Two-Level Categorical Moderator

Let’s start with the basic syntax:

  • Level 1: \(Y_{ij} = \beta_{0j} + \beta_{1j}*time_{1j} + \varepsilon{ij}\)
  • Level 2:
    • \(\beta_{0j} = \gamma_{00} + \gamma_{01}*X_{2j} + U_{0j}\)
    • \(\beta_{1j} = \gamma_{10} + \gamma_{11}*X_{2j} + U_{1j}\)

Now let’s swap that out for a 2 group sample from the present data:

  • Level 1: \(Y_{ij} = \beta_{0j} + \beta_{1j}*age0_{ij} + \varepsilon{ij}\)
  • Level 2:
    • \(\beta_{0j} = \gamma_{00} + \gamma_{01}*groupsNone + U_{0j}\)
    • \(\beta_{1j} = \gamma_{10} + \gamma_{11}*groupsNone + U_{1j}\)
Variable D1
Jail 0
None 1
Code
df1_nested <- df1_nested %>%
  mutate(data_2g = map(data, function(x) x %>% filter(groups != "CommServ")),
         fit3 = map(data_2g, ~lmer(value ~ 1 + age0*groups + (age0 | PROC_CID), data = .)))

When we plot these, we are plotting the simple slopes. Subbing 1 and 0 into the equations above we end up with the following for the groups.
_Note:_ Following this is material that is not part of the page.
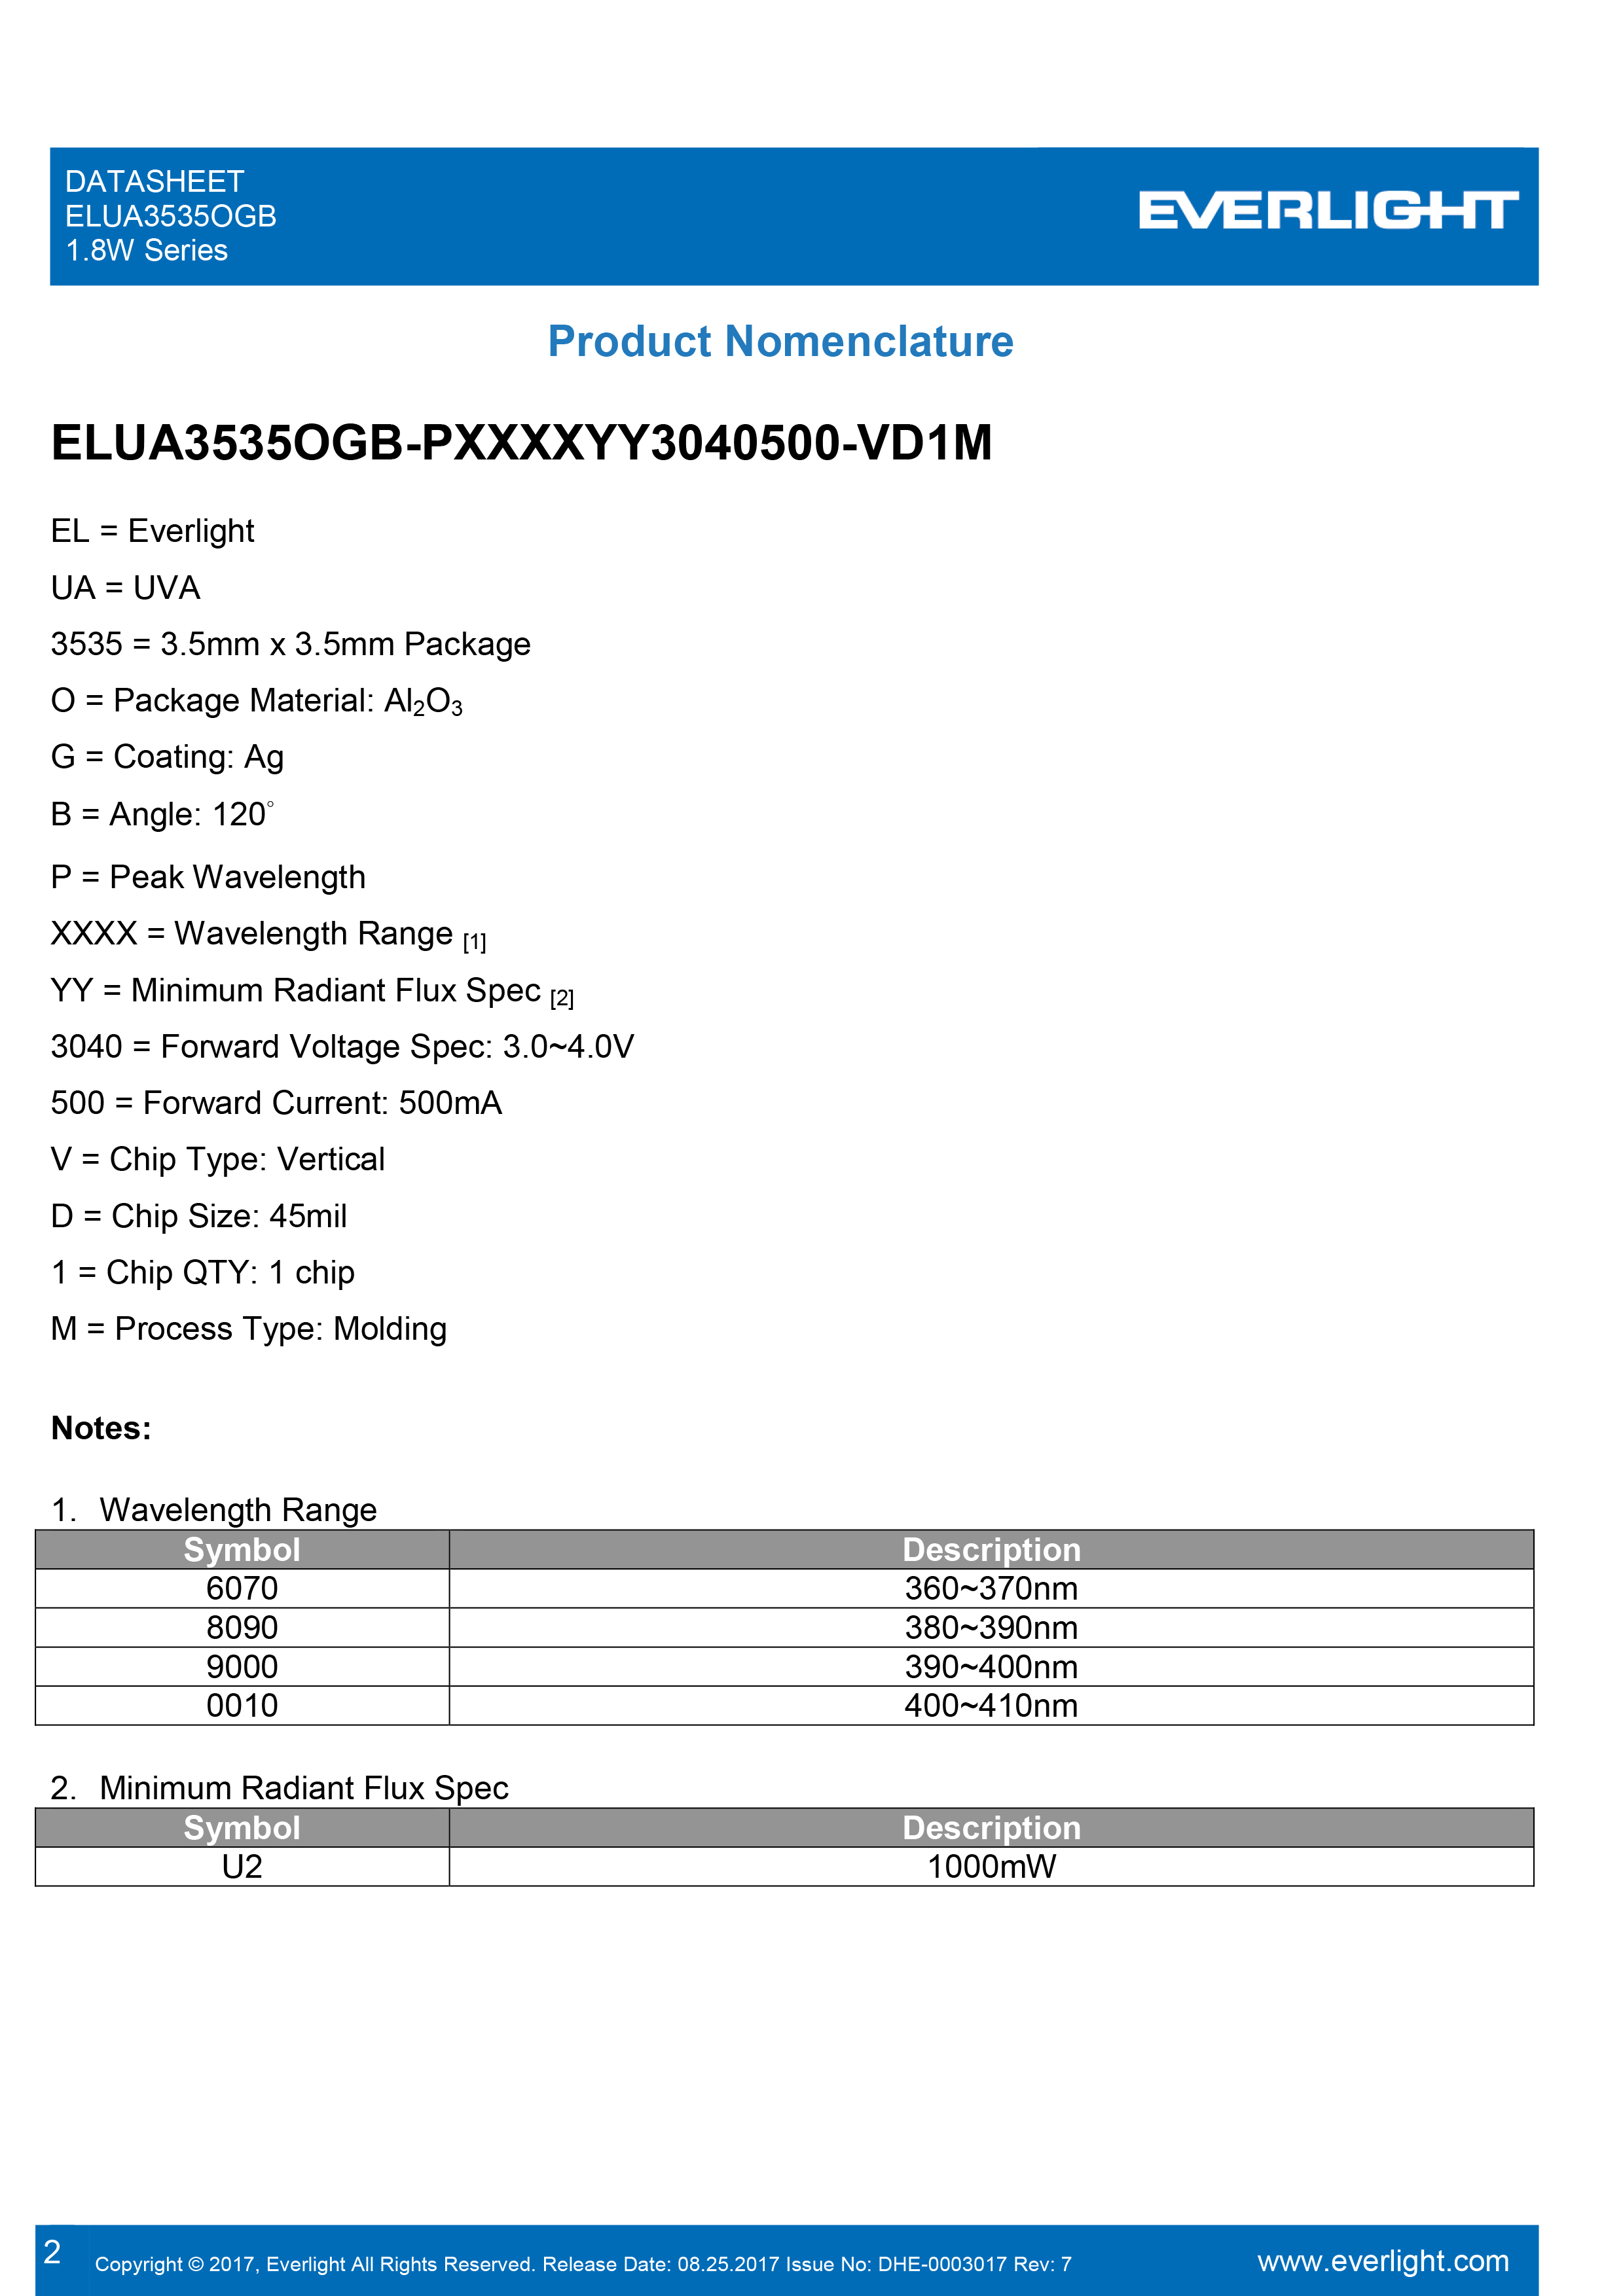 EVERLIGHT SMD1.8W UV LED ELUA3535OGB-P6070U23040500-VD1M  Datasheet

None: \(Y_{ij} = \gamma_{00} + \gamma_{10}*age\)
Jail: \(Y_{ij} = \gamma_{00} + \gamma_{01} + (\gamma_{10} + \gamma_{11})*age\)

Code
fixed_pred_fun <- function(m){
  frame <- crossing(Intercept = 1, age0 = seq(0, 8, .1),
           groups = c("Jail", "None")) %>%
    mutate(fixed_pred = predict(m, newdata = ., re.form = NA),
           age = age0 + 16,
           groupsn = as.numeric(mapvalues(groups, unique(groups), c(1,0))),
           Int = age0*groupsn)
  frame$SE <- pv_fun(frame %>% select(Intercept, age0, groupsn, Int), m)
  frame %>% select(-Intercept, -groupsn, -Int)
}

ran_pred_fun <- function(m){
  crossing(age0 = seq(0, 8, 1),
         PROC_CID = m@frame$PROC_CID) %>%
    left_join(m@frame %>% as_tibble() %>% select(PROC_CID, groups)) %>%
    distinct() %>%
    mutate(ran_pred = predict(m, newdata = .),
           age = age0 + 16)
}

(df1_nested <- df1_nested %>%
  mutate(fixed_pred3 = map(fit3, fixed_pred_fun),
         ran_pred3 = map(fit3, ran_pred_fun),
         combined_pred3 = map2(fixed_pred3, ran_pred3, full_join)))
Code
df1_nested %>%
  select(trait, combined_pred3) %>%
  unnest(combined_pred3) %>%
  ggplot(aes(x = age)) +
    scale_color_manual(values = c("blue", "red")) +
    geom_line(aes(y = ran_pred, color = groups, group = PROC_CID), size = .25, alpha = .1) +
    geom_line(aes(y = fixed_pred, color = groups), size = 2) +
    lims(y = c(0,4)) +
    labs(x = "Age", y = "Composite Rating",
         title = "Simple Growth Models") +
    facet_grid(~trait) +
    theme_classic() +
    theme(axis.text = element_text(face = "bold", size = rel(1.2)),
          axis.title = element_text(face = "bold", size = rel(1.2)),
          legend.title = element_text(face = "bold", size = rel(1.2)),
          legend.position = "none",
          plot.title = element_text(face = "bold", size = rel(1.2), hjust = .5))

Code
df1_nested %>%
  select(trait, fixed_pred3) %>%
  unnest(fixed_pred3) %>%
  ggplot(aes(x = age, y = fixed_pred, group = groups)) +
    geom_ribbon(aes(ymin = fixed_pred - SE * 1.96,
                    ymax = fixed_pred + SE * 1.96, 
                    fill = groups),
                alpha = .5) +
    geom_line(size = 1) +
    facet_grid(~trait) +
    theme_classic()

Three-Level Categorical Moderator

  • Level 1: \(Y_{ij} = \beta_{0j} + \beta_{1j}*age0_{ij} + \varepsilon{ij}\)
  • Level 2:
    • \(\beta_{0j} = \gamma_{00} + \gamma_{01}*D1 + \gamma_{02}*D2 + U_{0j}\)
    • \(\beta_{1j} = \gamma_{10} + \gamma_{11}*D1 + \gamma_{12}*D2 + U_{1j}\)
Variable D1 D2
Jail 0 0
None 1 0
CommServ 0 1
Code
df1_nested <- df1_nested %>%
  mutate(fit4 = map(data, ~lmer(value ~ 1 + age0*groups + (age0 | PROC_CID), data = .)))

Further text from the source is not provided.